Hybridizing multiple Machine Learning classifiers (or countermeasures) would lead to developing robust techniques and to enhancing the success results. In addition, applying classifiers of a certain domain (e.g., wireless) to other domains (e.g., websites) may contribute to better success rates in the future. This is because that some classifiers that were applied to wireless traffics have not been validated on websites traffic, to the best of our knowledge. Furthermore, complementing fingerprinting techniques with other useful techniques, such as network forensics, may produce robust models that can usefully and positively be incorporated by ISPs [10].

There is no adequate information in the literature on how to keep up-to-date with the advancement of security protocols like Tor to automatically refine and improve traffic analysis strategies. The state-of-the-art techniques used to transact with current situations of anonymity protocols without mentioning how things are going to be in the future, and what parts of traffic analysis techniques should be enhanced in case of new countermeasures have been developed. In addition, fingerprinting techniques have been considered as classification techniques. Therefore, extensive studies should be conducted in the future to investigate whether it can be reduced to another kind of problems.

7 Challenges of applying real-world traffic analysis systems

Most of the traffic analysis techniques proposed in the literature were evaluated based on either simulation experiments or empirical analysis. This indicates that building a real-world fingerprinting system would be accompanied by many obstacles and challenges. These challenges have to carefully be considered and addressed in the development of any real-world fingerprinting technique. Although most of the state-of-the-art techniques attempted to address some of these challenges, they overlooked some other aspects that can vitally impact their obtained results. There also exist other kinds of challenges for deploying real-world traffic analyzers, whereas, in simulation-based experiments, they were ordinary. For instance, extensive filtering rules of capturing traffic packets help in reducing space and processing overhead in later stages. This is a normal operation for any fingerprinting technique that relies on simulations. However, having them in real-world systems would consume more than expected processing time, which, consequently, would delay all traffic analysis operations.

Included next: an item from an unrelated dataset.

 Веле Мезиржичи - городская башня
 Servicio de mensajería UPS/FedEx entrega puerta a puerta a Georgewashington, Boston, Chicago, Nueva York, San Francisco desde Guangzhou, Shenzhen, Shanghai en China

7.1 Data collection and storage

Collecting data from various sources is a major challenge for real-world traffic analysis systems. Existing fingerprinting techniques are restricted to a set of common websites and wireless applications, and also a limited number of visits per each. For a real-world traffic analysis system, all visited websites (with all their web pages) and applications running on a wireless network (with all their different functionalities) should be considered. This would require maintaining a huge database that can handle signatures of all pages or functionalities available. The widespread construction of websites and their countless web pages in the world wide web would indeed complicate analyzing the traffic. Similarly, the variety of applications that can run via wireless networks and the persistent increase of their functionalities would also make packet collection and preservation more complex. Definitely, securing a database that handles all such stuff is a severe challenge.

One can benefit from the data collection strategy introduced in [24, 26], which could effectively gather information from packets in realistic scenarios.

7.2 Fingerprinting real-world websites

Almost all fingerprinting techniques were evaluated under pre-listed websites or applications. For a comprehensive traffic analysis, real-world traffic analysis systems can be up-to-date with Internet Service Providers, which can supply them with the newly created websites. This allows them run various visits to these websites to collect packet traces, which in turn assists in building a primary signature history about them. This procedure can easily be carried out for the default pages of those websites, or at least the fundamental web pages of them. Nevertheless, it is not the case for websites that can have massive web pages to be created over and over. For instance, social websites, such as facebook.com, enable users create their own web pages. Therefore, a real-world fingerprinting system should employ sophisticated technologies that can cope with the tremendous construction of websites and web pages as well as the numerous versions of wireless applications.

Techniques introduced in [13, 24, 26] have demonstrated effectiveness towards simulating how fingerprinting techniques can recognize unlisted websites, web pages, or wireless applications.

7.3 Browsers variety

Internet browsers are diversified these days with too many versions of each. Each browser can have different policies regarding packet transmission, which can participate in protecting users’ privacy. Expressly, traces generated by visiting a website using a certain browser may have a different signature if another browser was used. This issue needs a deep investigation of how protection mechanisms employed by browsers work. This would help in fingerprinting the browsers in the early stages of analysis, and thereafter, websites can be analyzed based on the resultant browser.

Detailed analysis of browser fingerprinting can be found in [8, 31]. As we have mentioned earlier, their techniques can be utilized to identify browsers that were used to transmit the packets and, subsequently, website fingerprinting systems can continue analyzing the packets based on the initial identification of the browser.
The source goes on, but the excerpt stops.